When you reach the line with "The front of" in the listing below, transcribe it and each line after it up to and including the line with "Don’t Let The", exactly and with nothing else.

▸ Listed records:
>>>

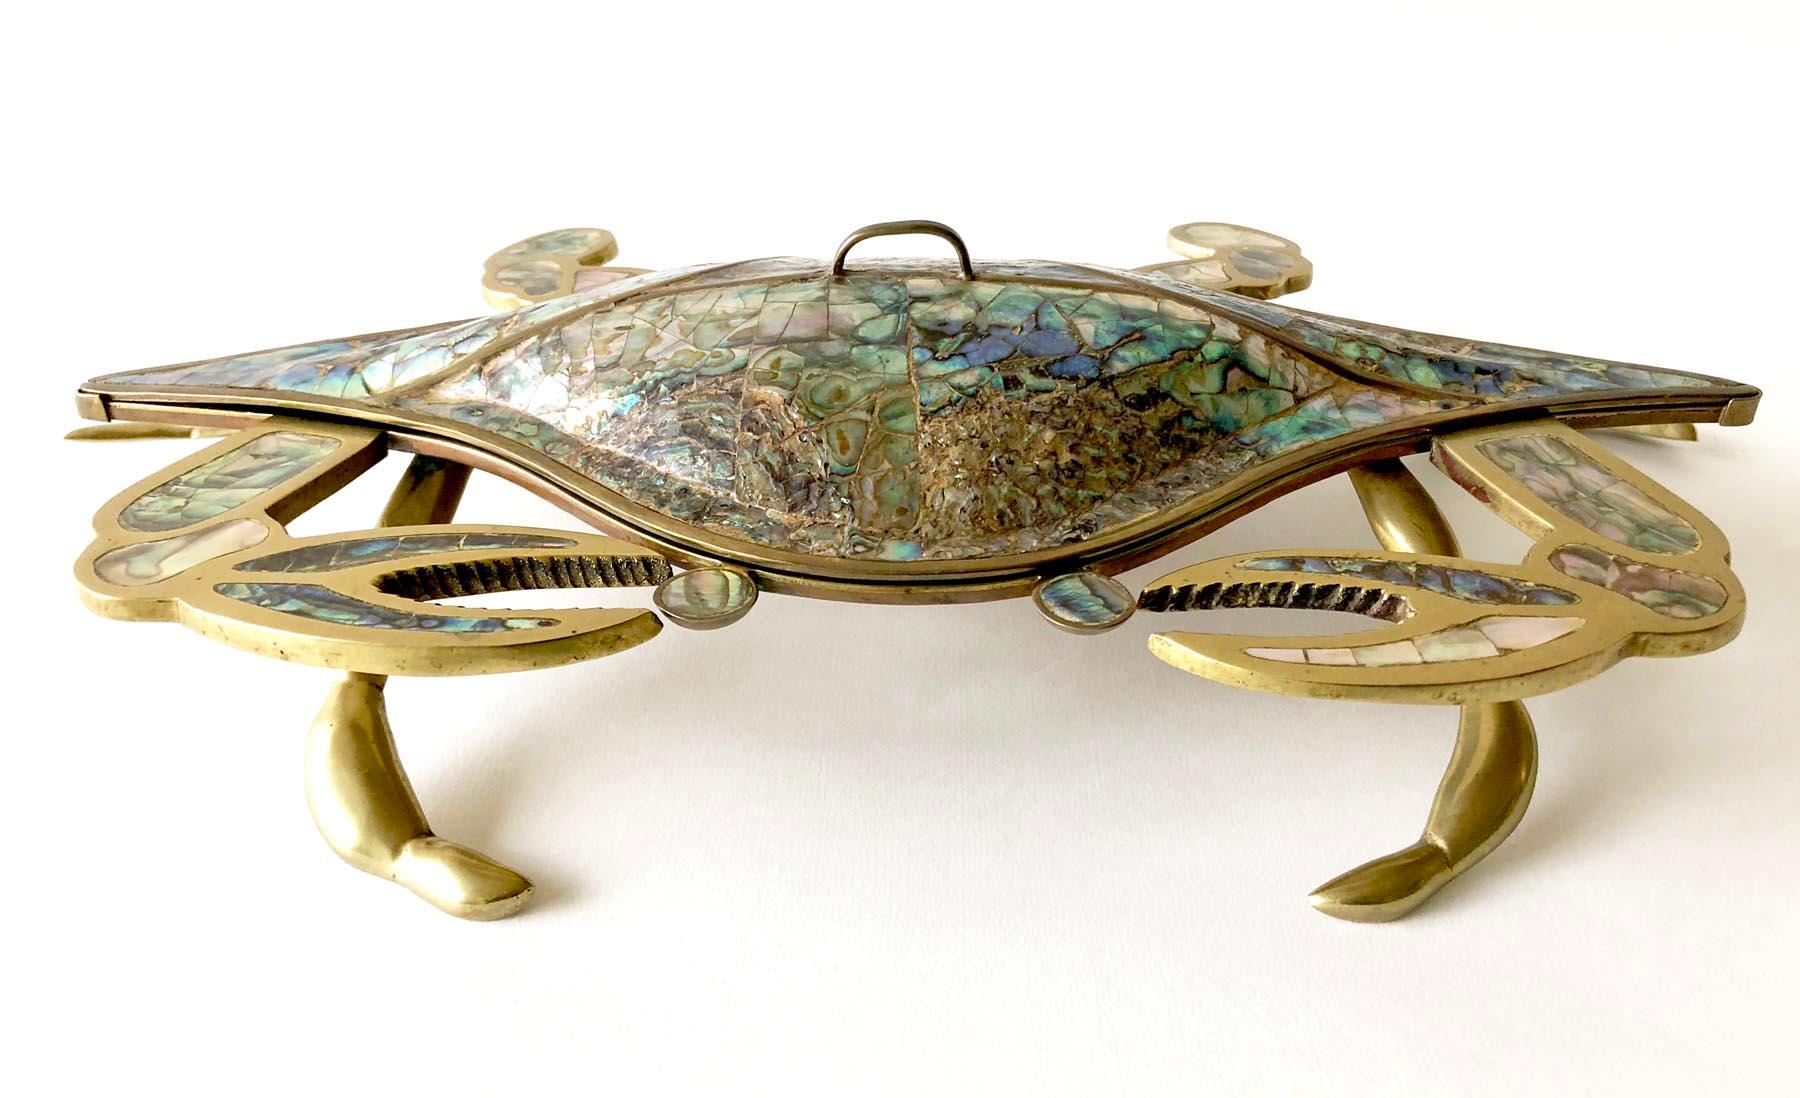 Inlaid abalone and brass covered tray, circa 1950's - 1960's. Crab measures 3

<<<
>>>

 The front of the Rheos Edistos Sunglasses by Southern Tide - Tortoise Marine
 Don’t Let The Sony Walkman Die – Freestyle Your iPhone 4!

<<<

▸ Answer section:
 The front of the Rheos Edistos Sunglasses by Southern Tide - Tortoise Marine
 Don’t Let The Sony Walkman Die – Freestyle Your iPhone 4!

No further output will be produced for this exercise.